Литмир - Электронная Библиотека

Немного пришлось повозиться с Зельями и все-таки заглянуть в учебник. А к Чарам, где нужно было освоить пару непростых заклинаний для С.О.В., она даже не прикоснулась. В таком состоянии любое заклинание было ей доступно и причем из такого списка, который Флитвик никогда бы не рискнул дать студентам.

Элизабет устало потянулась и откинулась от стола на спинку стула. Разумеется, и минусы у такого способа обучения были. Мощные потоки неведомой ей ранее информации, которые Лизз пропускала через себя со скоростью света, вытягивали из нее силы. Из этих соображений она кое-как усадила себя за уроки лишь на третий день каникул. До этого ее время было полностью занято совсем другими вещами.

Она ушла в творчество с головой.

Лизз помнила, как в апатичном и обессиленном состоянии она вернулась домой из Хогвартса, тихо открыла дверь и вошла в свою комнату. Здесь все было так, как и в день ее отъезда — все вещи на своих местах, идеальный порядок, подушки на кровати выстроились в ровный рядок, занавески расправлены, на покрывале ни одной складочки…

Тогда она опустилась в кресло и подумала, что надо бы придать этому месту более-менее жилой вид.

Следующие два дня Лизз почти не спускалась. Маме составляла компанию гостившая у них тетя Линн, и от Лиззи никто не требовал помощи по домашним делам. Она только диву давалась, как меняется мама в присутствии сестры.
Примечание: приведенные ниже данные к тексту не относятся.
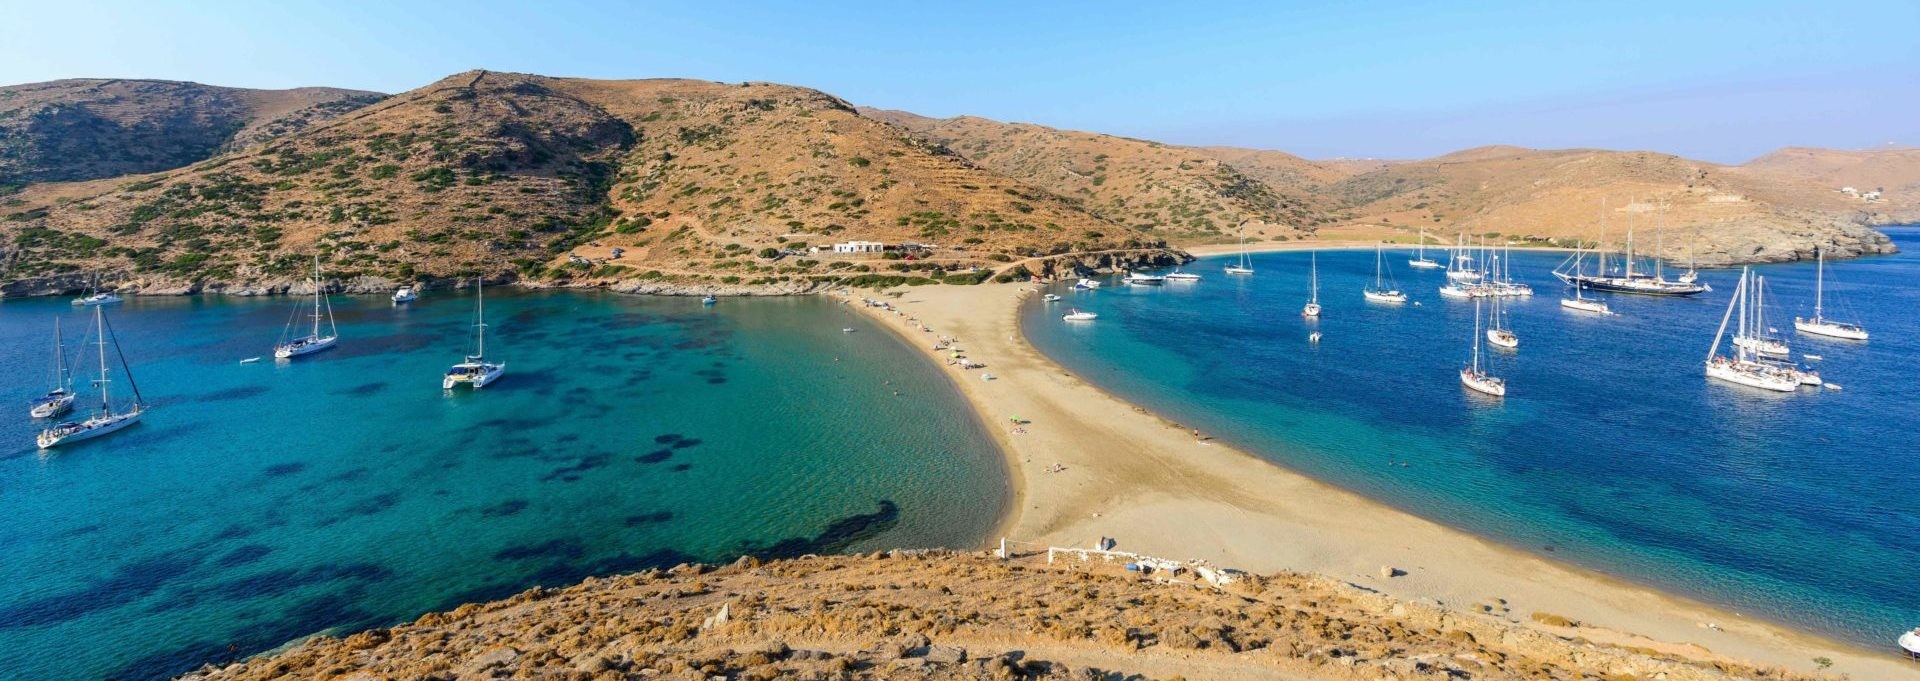 Vela in Grecia: le Cicladi e il Golfo Saronico

Она стала более терпимой к дочери и вообще постоянно пребывала в хорошем настроении. Лиззи оставили в покое, и она спускалась только, чтобы захватить наверх что-нибудь из еды.

За несколько дней ее идеальная безликая комнатка превратилась в мастерскую художника. Позже, когда Лизз, наконец, отвлеклась, она с удивлением и удовольствием заметила, что изрисовала все свои свободные холсты, оставшиеся с лета, и почти все альбомы. Она и забыла, когда в последний раз рисовала так много и с таким вдохновением.
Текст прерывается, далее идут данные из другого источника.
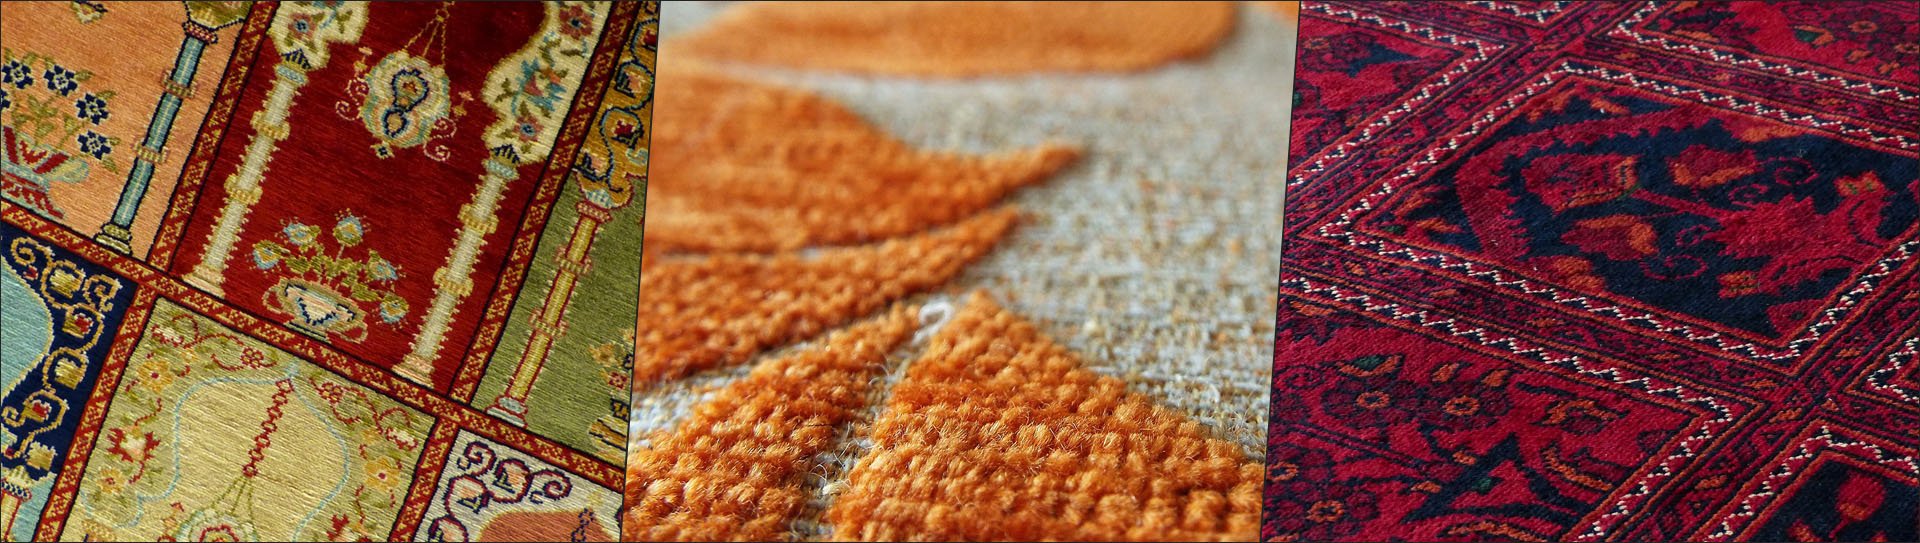 Traditionelle persiche Teppichwäsche / Teppichreinigung

Все пространство стен сверху донизу было увешано картинами, гравюрами, портретами в неброских рамках — половину из них она нашла в своих старых альбомах, отобрала самые лучшие и повесила вместе с новыми работами. Тяжелый золотистый полог над кроватью превратился в произведение искусства — темным золотом на нем вился причудливый узор, и порхали нарисованные волшебными красками крошечные темно–синие бабочки. Белые шторы на окнах она превратила в картину, которая появлялась, когда шторы были задернуты: переплетение темно-синих, серых и голубых ветвей какого-то странного растения… Да, теперь тут было на что посмотреть. В комнате до сих пор пахло свежей краской, а к стене были прислонены недописанные холсты, накрытые тканью.
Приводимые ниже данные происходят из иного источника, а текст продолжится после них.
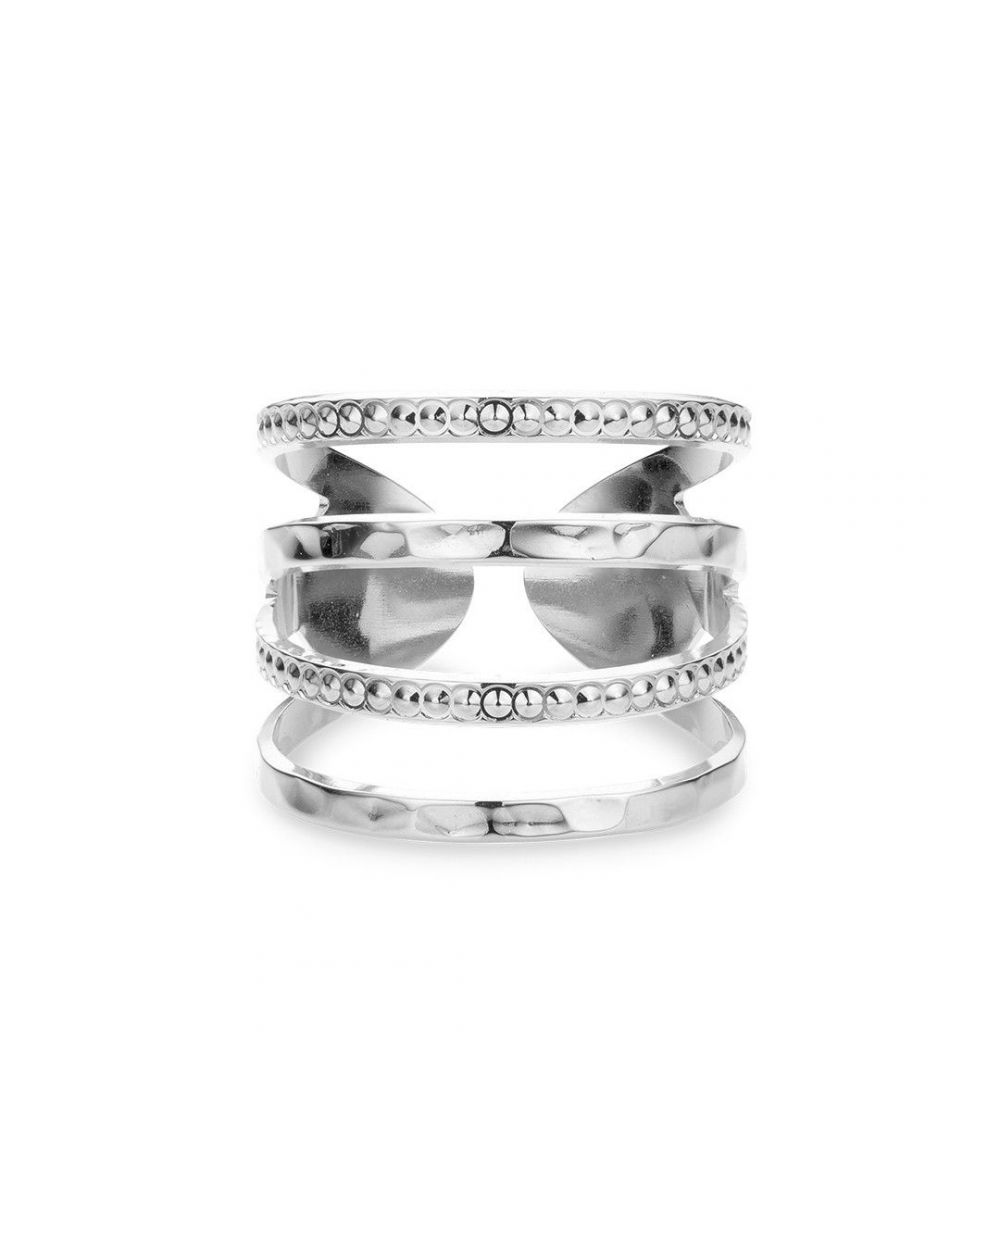 Mya Bay - New York hammered Ring

В дверь тихо постучали, прерывая ход ее мыслей. Элизабет обернулась — в комнату вошла Линн, закрыв за собой дверь.

— Лиззи, тебе пришло письмо совиной почтой… — она осеклась, и застыла на пороге с открытым ртом, окидывая взглядом разрисованные стены.

— Мерлин мой, — Линн неуверенно сделала пару шагов, — это… потрясающе!

Элизабет наблюдала, как Линн прошла вдоль стен, рассматривая рисунки, и погладила рукой полог, спугнув бабочек.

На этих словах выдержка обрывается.